The Vellum Journal

Niacinamide vs vitamin C: which goes first in your routine

The old "they cancel each other out" rule is a 1960s myth. Apply C first, wait 60 seconds, then niacinamide — and stagger your copper peptides instead.

The internet got this wrong for about a decade. The old advice — "never layer niacinamide with vitamin C, they cancel each other out" — comes from a 1960s study run at pH and temperature conditions nothing like your bathroom counter. Modern formulations don''t have the issue.

The actual rule

Both can go in the same routine. The order that gives you the best penetration: vitamin C first (it needs an acidic pH to work, around 3.5), then niacinamide (works at a wider pH range, 5-7). Apply the C, wait 60 seconds, apply the niacinamide.

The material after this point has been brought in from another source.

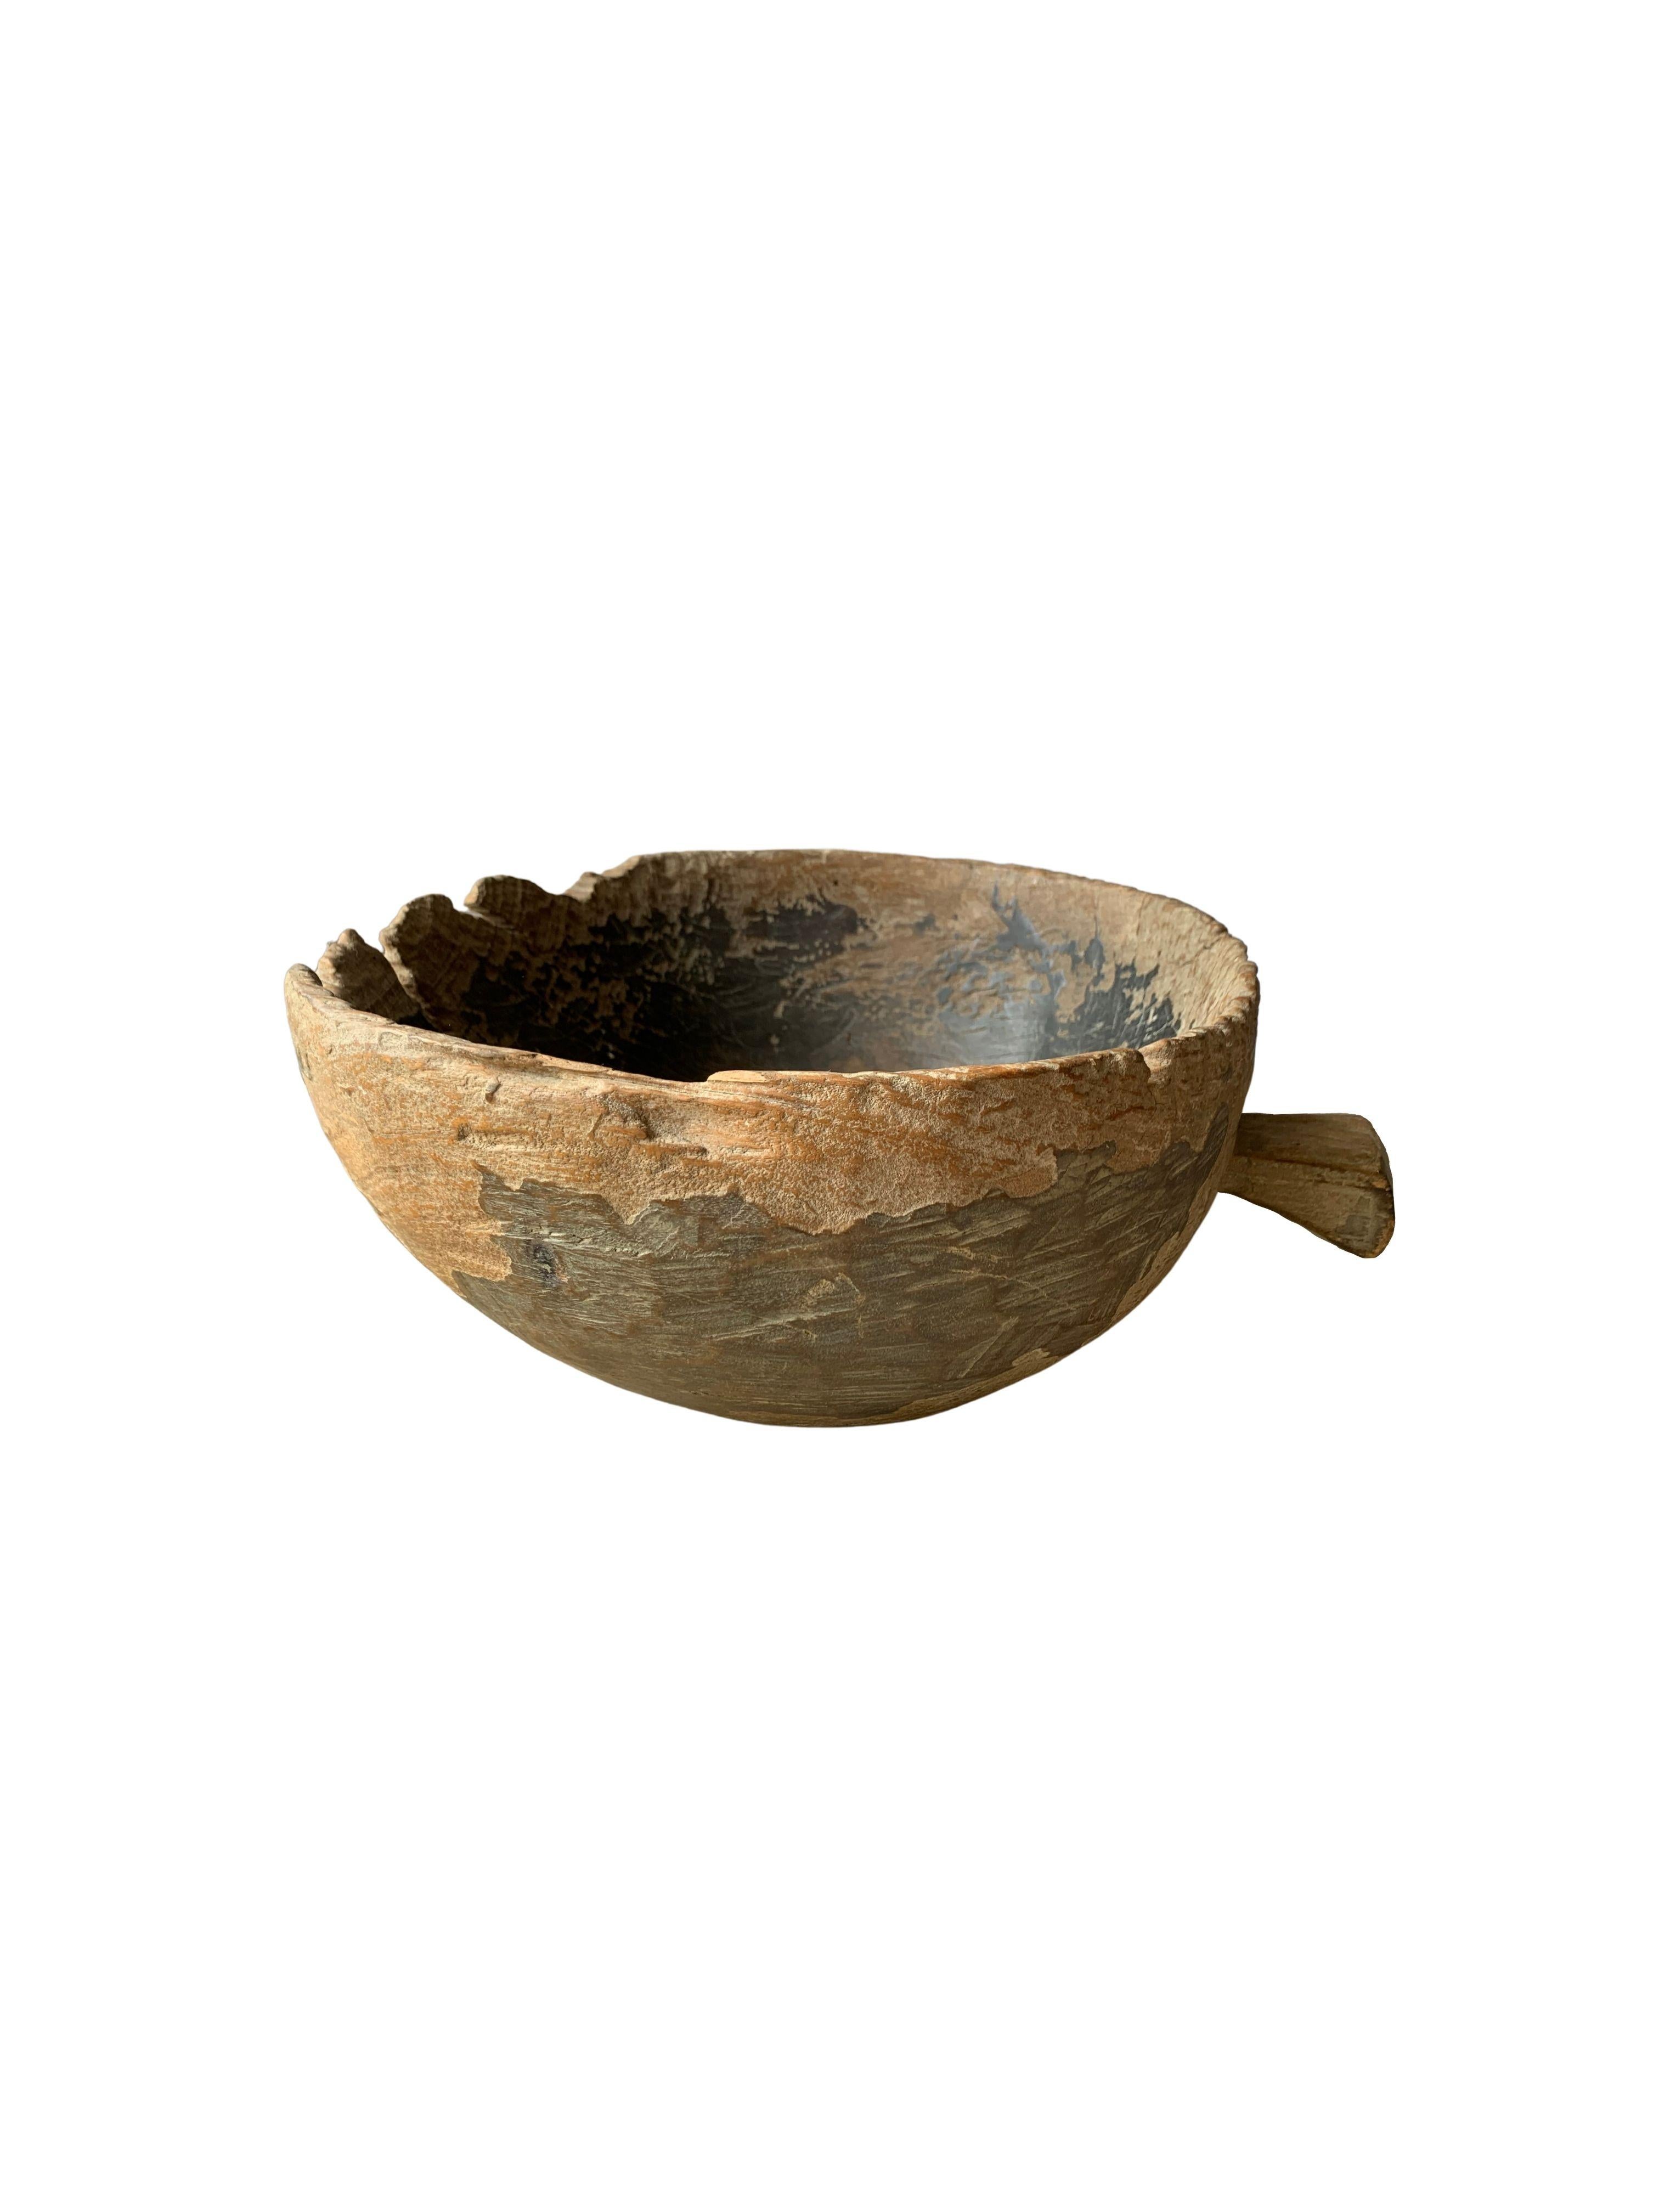 A teak burl wood bowl crafted on the island of Java, Indonesia. The bowl was cut from a much larger slab of burl wood and maintains an organic shape and natural texture. It has aged considerably over the decades contributing to its appeal.

What each one is actually doing

Vitamin C (L-ascorbic acid, 10-20%): neutralizes free radicals from UV exposure, brightens existing hyperpigmentation, and supports collagen synthesis. Works in the morning under sunscreen.

Niacinamide (vitamin B3, 4-10%): regulates sebum, strengthens the skin barrier, evens tone, reduces redness. Works morning or night, plays well with retinoids and acids.

The one combination to actually avoid: vitamin C with copper peptides at the same time. Different mechanism, same antagonism — and that one is real. Stagger them by 12 hours.